Remember that second debate when Sen. McCain slammed the earmark process of an example of wasteful spending in Washington? The one where the President poo-pooed the notion of earmarks contributing all that much, but than said he would be the better champion against them? That was the same debate (the video of the entire debate is in my blog archive) where the now President claimed he would go through the entire budget "line by line." Now we have a 'stimulus' bill that was never read or parsed, a new $410 billion spending bill (that by the way was introduced while the President was conducting the "Fiscal Responsibility Summit" - see yesterday's blog), and talk of yet another stimulus bill for later in the year.
From the title linked article:
"We need earmark reform," Obama said in September during a presidential debate in Oxford, Miss. "And when I'm president, I will go line by line to make sure that we are not spending money unwisely."
President Barack Obama should prepare to carve out a lot of free time and keep the coffee hot this week as Congress prepares to unveil a $410 billion omnibus spending bill that's riddled with thousands of earmarks, despite his calls for restraint and efforts on Capitol Hill to curtail the practice.
The bill will contain about 9,000 earmarks totaling $5 billion, congressional officials say. Many of the earmarks — loosely defined as local projects inserted by members of Congress — were inserted last year as the spending bills worked their way through various committees.

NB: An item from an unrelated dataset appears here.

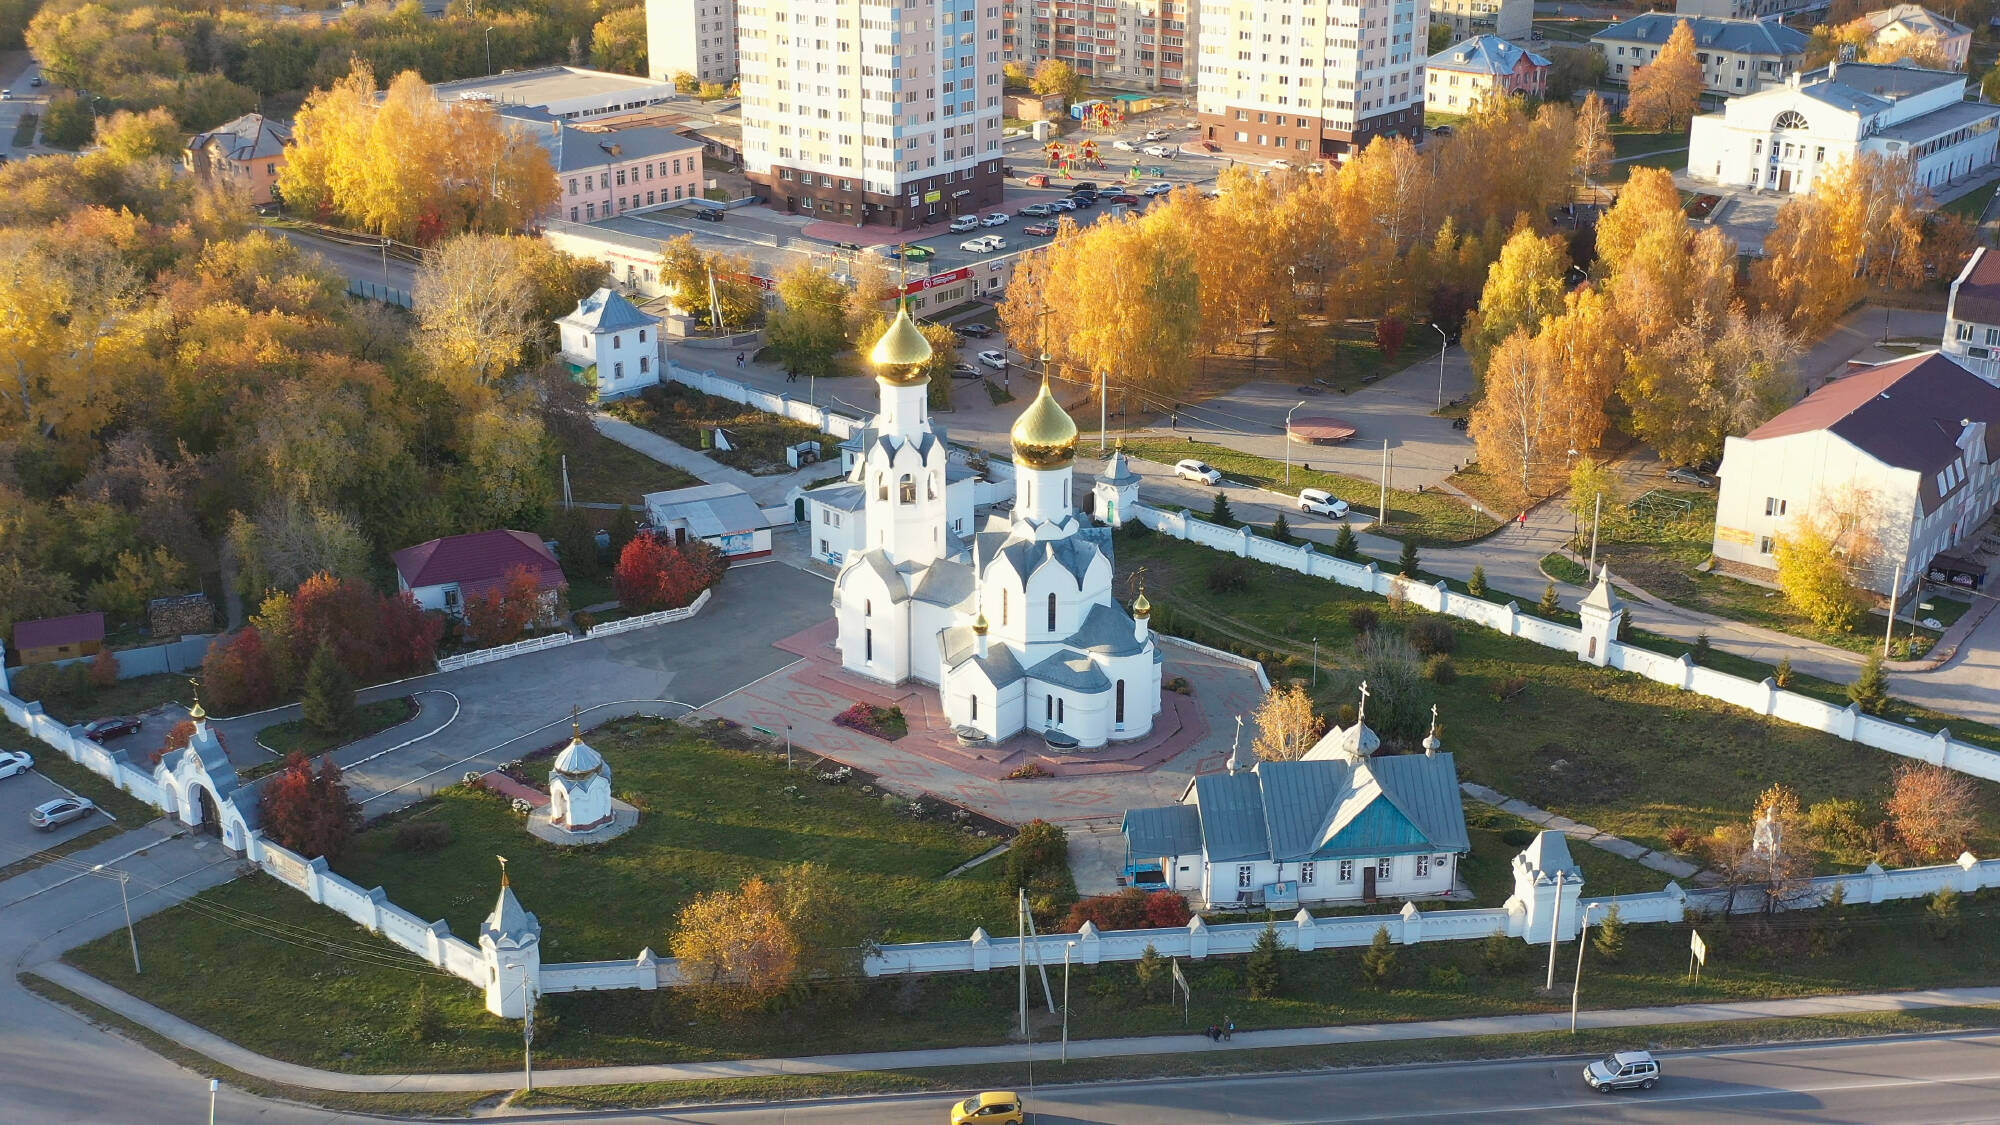 Nowosibirsk Reisen und Billigflug Russland - Hotels und Flug nach Nowosibirsk

Here's what Obama promised on the stimulus bill (from the Change.gov website, which perversely still says the Office of the President-Elect):No earmarks
President-elect Barack Obama said today in a meeting with members of his budget team that he will ban earmarks from the American Recovery and Reinvestment Act that will soon go before Congress.
The President-elect also said he expects his administration to inherit a budget deficit of up to $1 trillion.
He was joined in the meeting by Peter Orszag, Director-designate, Office of Managment and Budget; Christina Romer, Christina Romer, Director-designate, Council of Economic Advisors and Lawrence Summers, Director-designate, National Economic Council, among others.
I don't believe anyone read anything line-by-line, will do so or had any intention of every doing so. I think we can put the whole promise of transparency in the ground now.